El casco antiguo de la ciudad fue sin dudas el punto clave de los visitantes y hasta allí llegaron decenas de turistas de todas partes del mundo que compartieron y disfrutaron de las dos jornadas primaverales ideales para la ocasión.

La policía turística jugó un rol preponderante en los festejos ya que cumplieron con corrección la difícil tarea de orientar a los visitantes extranjeros que temían perderse en los intrincados callejones de la Ciudad Vieja.

La seccional 1ª., encargada de la vigilancia y patrullaje de la zona en cuestión, solo albergó a dos arrebatadores que se aprovecharon del descuido de una pareja para «manotear» una cartera y salir corriendo.

Prácticamente no se recibieron denuncias y fueron muy pocos los que se arrimaron a la seccional a solicitar la presencia policial en algunas esquinas donde se encontraban menores pidiendo monedas de forma «algo amenazante».

La oficial principal Lourdes González, encargada de la seccional 1ª durante la jornada de ayer, no ocultó a LA REPUBLICA su satisfacción por el buen comportamiento de los visitantes y dijo estar conforme con la forma en que transcurrió el día domingo. «Muy poco trabajo. Todos se comportaron muy bien. Se puede decir que se vivió una fiesta en calma. Todos disfrutaron y no hubo incidentes ni grandes robos».

Si bien podían observarse algunos jóvenes algo pasados de alcohol, tampoco se registraron hechos de violencia. El Mercado del Puerto y los boliches de la Ciudad Vieja, dos clásicos del fin de semana, también se vieron colmados de turistas que dijeron estar asombrados por la buena predisposición policial. «Nos perdimos y un policía de blanco nos condujo por el camino (sic)», contó un rubio visitante que se aprontaba para entrar a la iglesia Matriz.

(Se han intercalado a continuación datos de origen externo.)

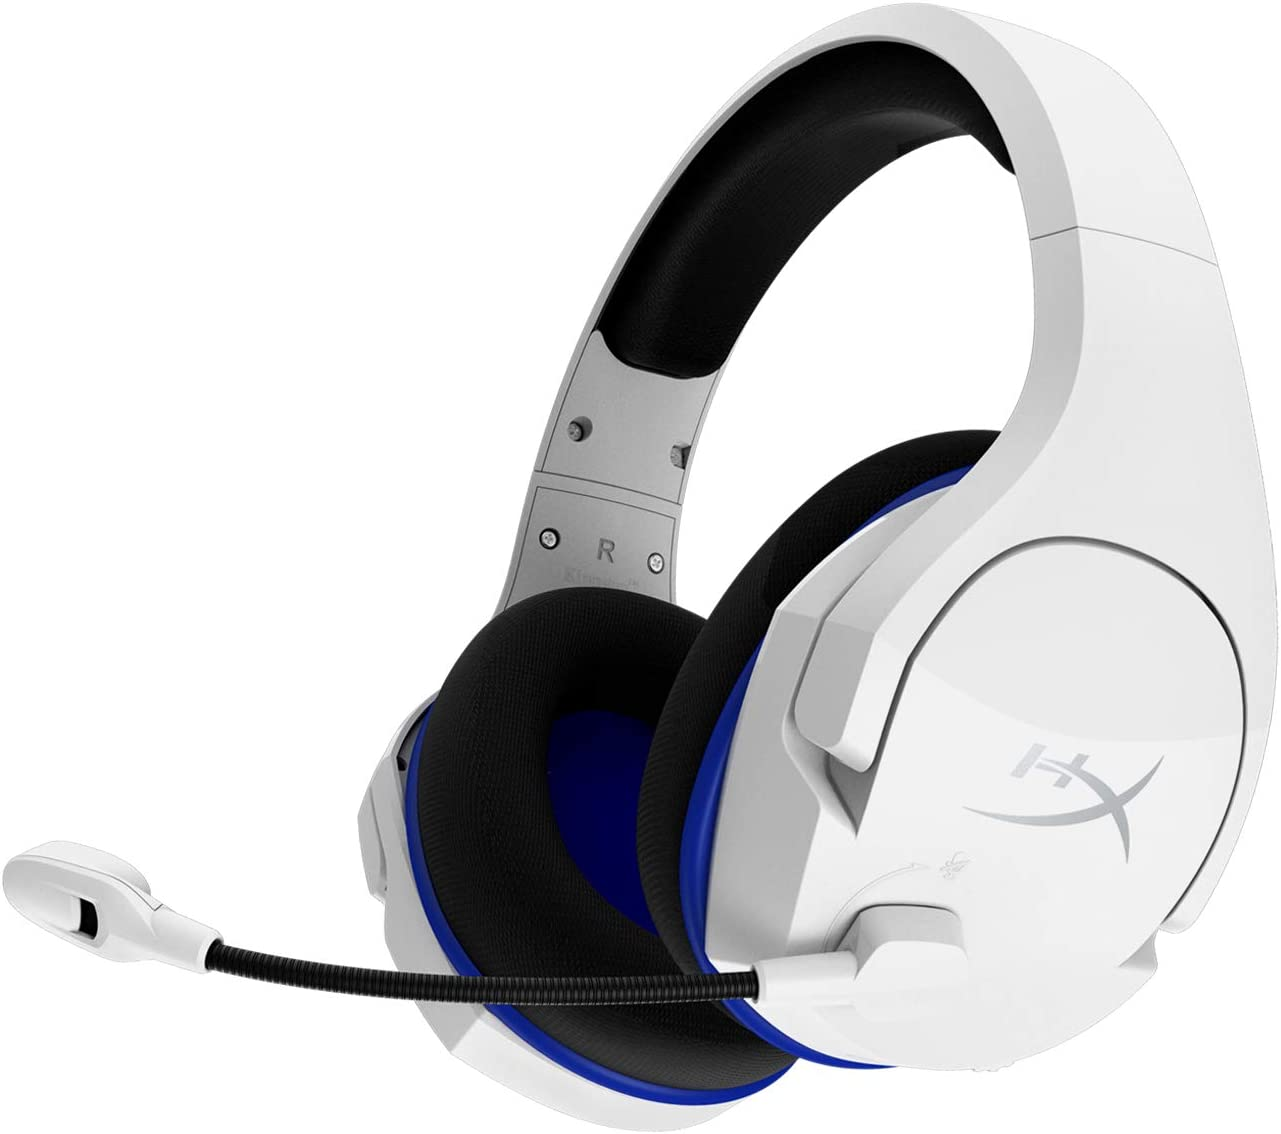 Best Mac Gaming Headset

Una pareja que llegó desde Argentina, también narró sus experiencias durante el transcurso de los dos días festivos: «fuimos al barrio sur donde estaban tocando tambores. Ahí donde están los conventillos, y la verdad nos encantó. La seguridad fue perfecta, no sólo había muchos policías sino que hasta se sumaron a la hora del candombe. Estuvo muy bueno».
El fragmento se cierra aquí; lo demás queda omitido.